2000 mg/kg Hunched posture, piloerection and/or lethargy between Days 1 and 5.
Body weight:
One female at 300 mg/kg showed body weight loss throughout the observation period. Other animals at 300 mg/kg showed normal body weight gain.
One female at 2000 mg/kg found dead on Day 4 showed body weight loss between Days 1 and 4. Three other females at 2000 mg/kg showed no body weight gain or slight body weight loss between Days 1 and 8. Body weight gain among the (other) surviving females at 2000 mg/kg during the (remainder of the) observation period was considered to be normal.
Gross pathology:
One female at 300 mg/kg showed gaseous distension of the gastro-intestinal tract. No further macroscopic abnormalities were noted among other animals at 300 mg/kg.
Three females at 2000 mg/kg showed a stomach and right lateral lobe of the liver grown together with the diaphragm. No macroscopic abnormalities were noted in the other animals at 2000 mg/kg, including the female found dead on Day 4.

Applicant's summary and conclusion

Interpretation of results:
Category 5 based on GHS criteria
Conclusions:
The oral LD50 value of Tall oil diethylenetriamine imidazoline in Wistar rats was established to exceed 2000 mg/kg body weight.
According to the OECD 423 test guideline, the LD50 cut-off value was considered to be 2500 mg/kg body weight.
Executive summary:

Assessment of acute oral toxicity with Tall oil diethylenetriamine imidazoline in the rat (Acute Toxic Class Method).

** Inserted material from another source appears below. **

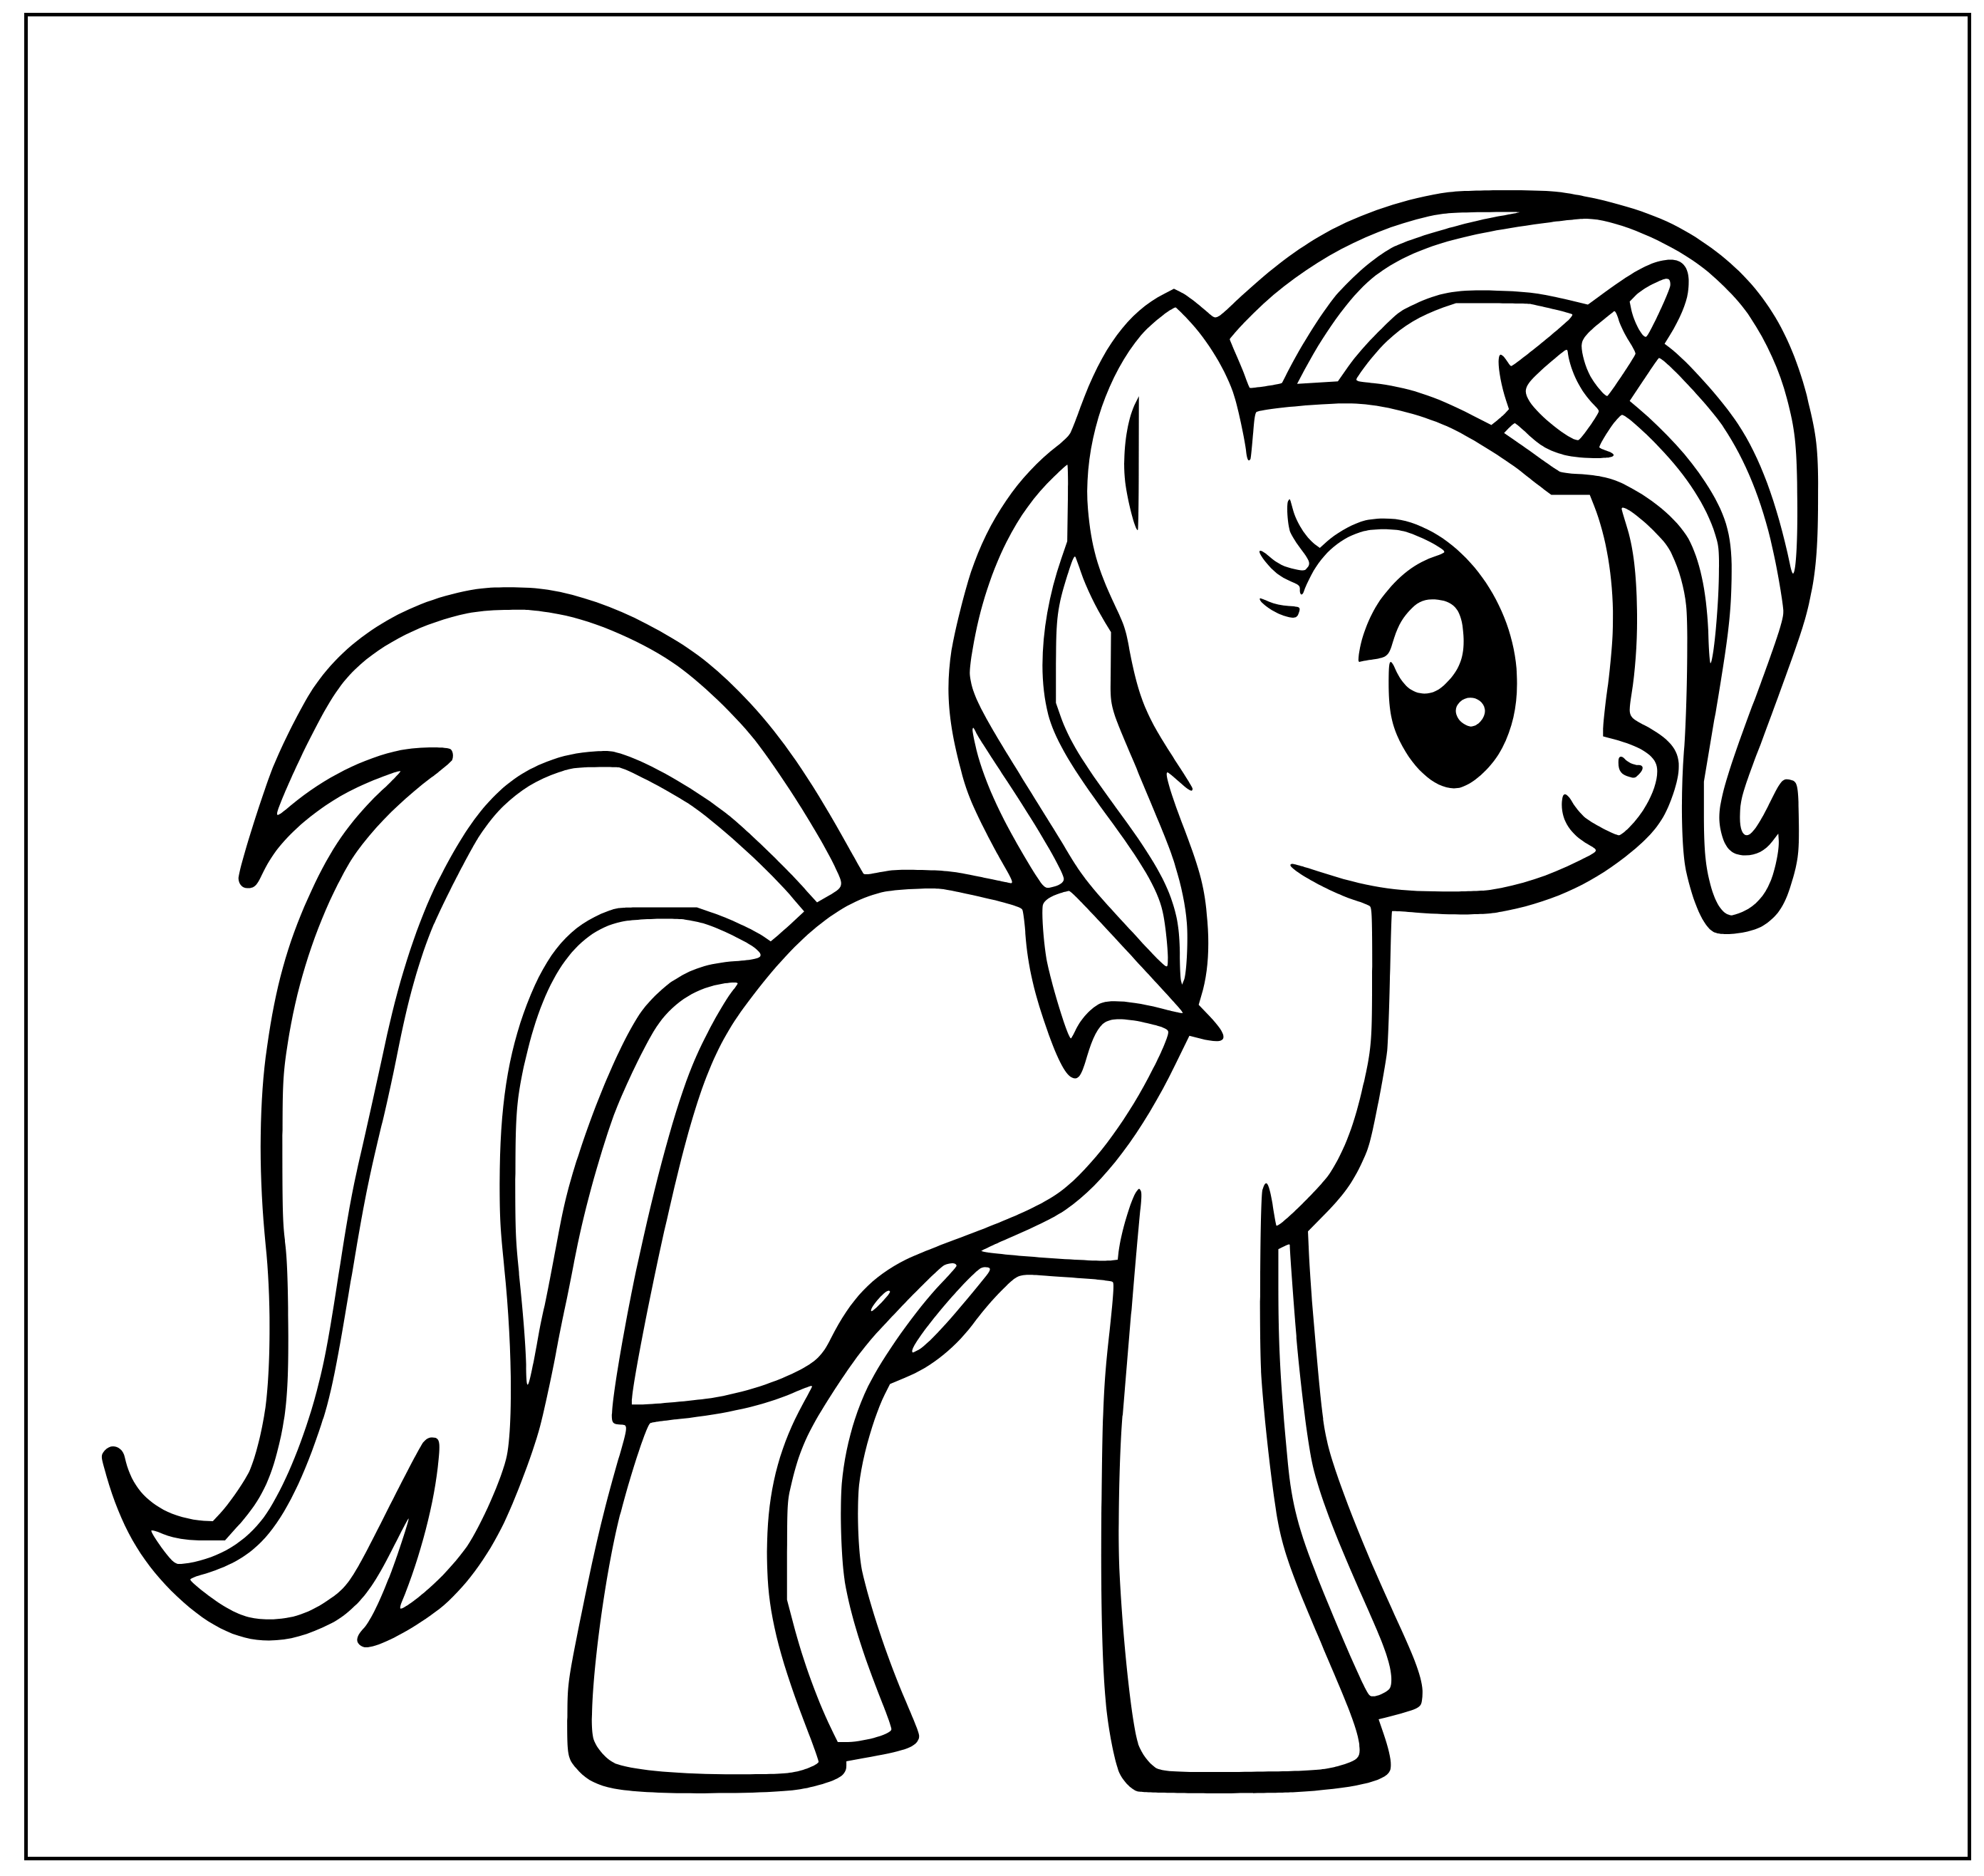 Printable Trixie MLP  sheet Coloring Page for kids.

The study was carried out based on the guidelines described in:

OECD No.423 (2001) "Acute Oral Toxicity, Acute Toxic Class Method"

Commission Regulation (EC) No 440/2008, B1 tris: "Acute Oral Toxicity, Acute Toxic Class Method"

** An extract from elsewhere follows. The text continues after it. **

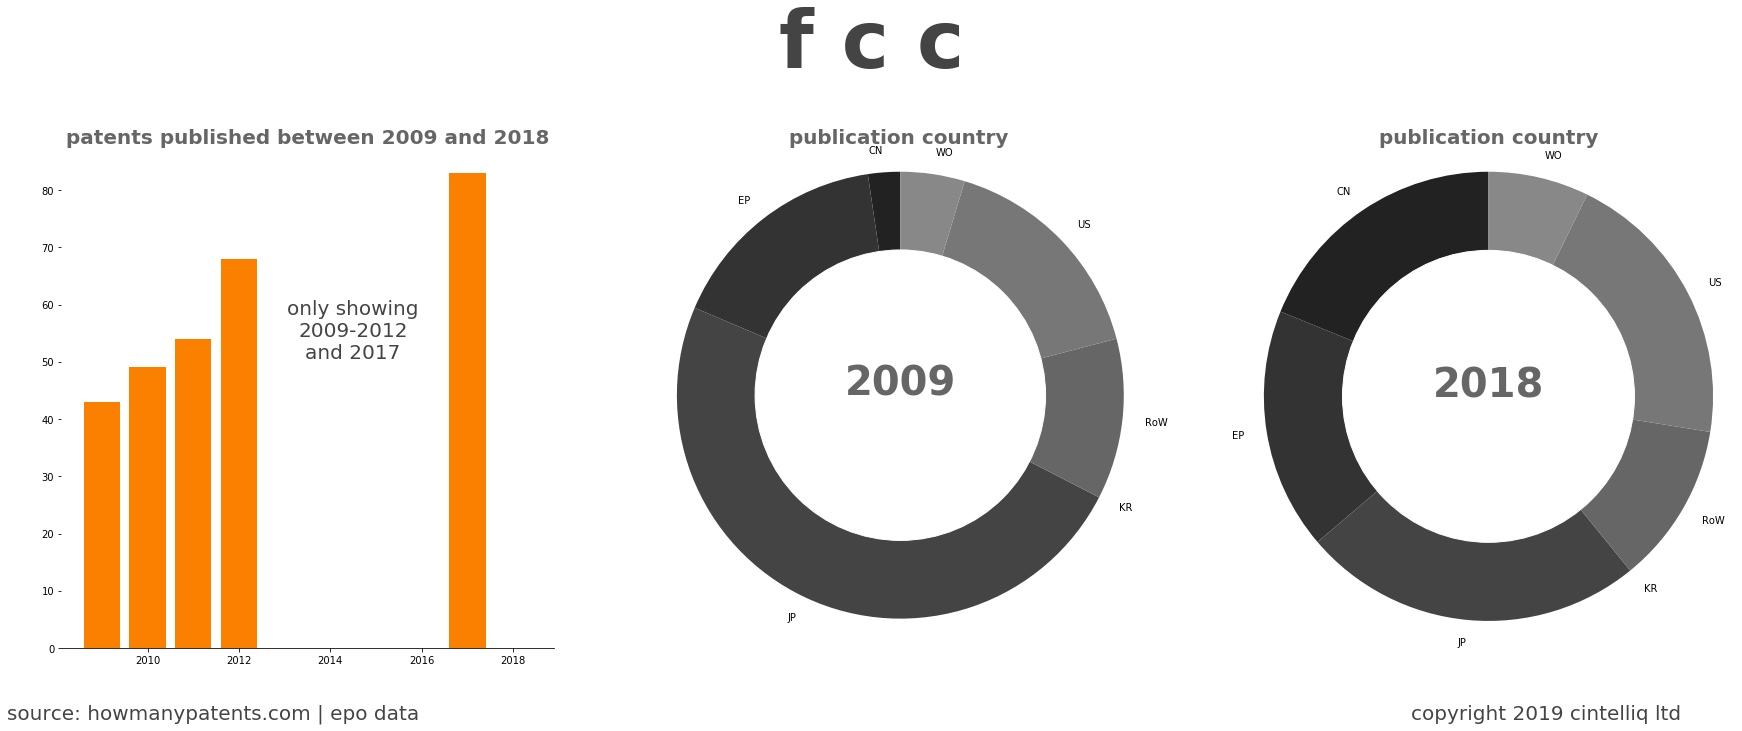 summary of patents for F C C

EPA, OPPTS 870.1100 (2002), "Acute Oral Toxicity"

JMAFF guidelines (2000) including the most recent partial revisions.

 

Initially, Tall oil diethylenetriamine imidazoline was administered by oral gavage to three female Wistar rats at 300 mg/kg body weight. In a stepwise procedure additional groups of females were dosed at 300 and 2000 mg/kg body weight. All animals were subjected to daily observations and weekly determination of body weight. Macroscopic examination was performed on the day of death or after terminal sacrifice (Day 15).

 

One female at 2000 mg/kg was found dead on Day 4. No (further) mortality occurred at 300 and 2000 mg/kg.

 

Clinical signs observed during the study period were as follows:

300 mg/kg:

Hunched posture, piloerection, lethargy, uncoordinated movements, rales, lean appearance and/or ptosis between Days 1 and 2; one female showed hunched posture and rales throughout the observation period, along with lean appearance and piloerection on Day 15.

2000 mg/kg:

Hunched posture, piloerection and/or lethargy between Days 1 and 5.

 

One female at 300 mg/kg showed body weight loss throughout the observation period. Other animals at 300 mg/kg showed normal body weight gain.

One female at 2000 mg/kg found dead on Day 4 showed body weight loss between Days 1 and 4. Three other females at 2000 mg/kg showed no body weight gain or slight body weight loss between Days 1 and 8. Body weight gain among the (other) surviving females at 2000 mg/kg during the (remainder of the) observation period was considered to be normal.

 

One female at 300 mg/kg showed gaseous distension of the gastro-intestinal tract. No further macroscopic abnormalities were noted among other animals at 300 mg/kg.

Three females at 2000 mg/kg showed a stomach and right lateral lobe of the liver grown together with the diaphragm. No macroscopic abnormalities were noted in the other animals at 2000 mg/kg, including the female found dead on Day 4.

No explanation could be found for the differing macroscopic findings between the two treated groups at 2000 mg/kg.

The oral LD50 value of Tall oil diethylenetriamine imidazoline in Wistar rats was established to exceed 2000 mg/kg body weight.

According to the OECD 423 test guideline, the LD50 cut-off value was considered to be 2500 mg/kg body weight.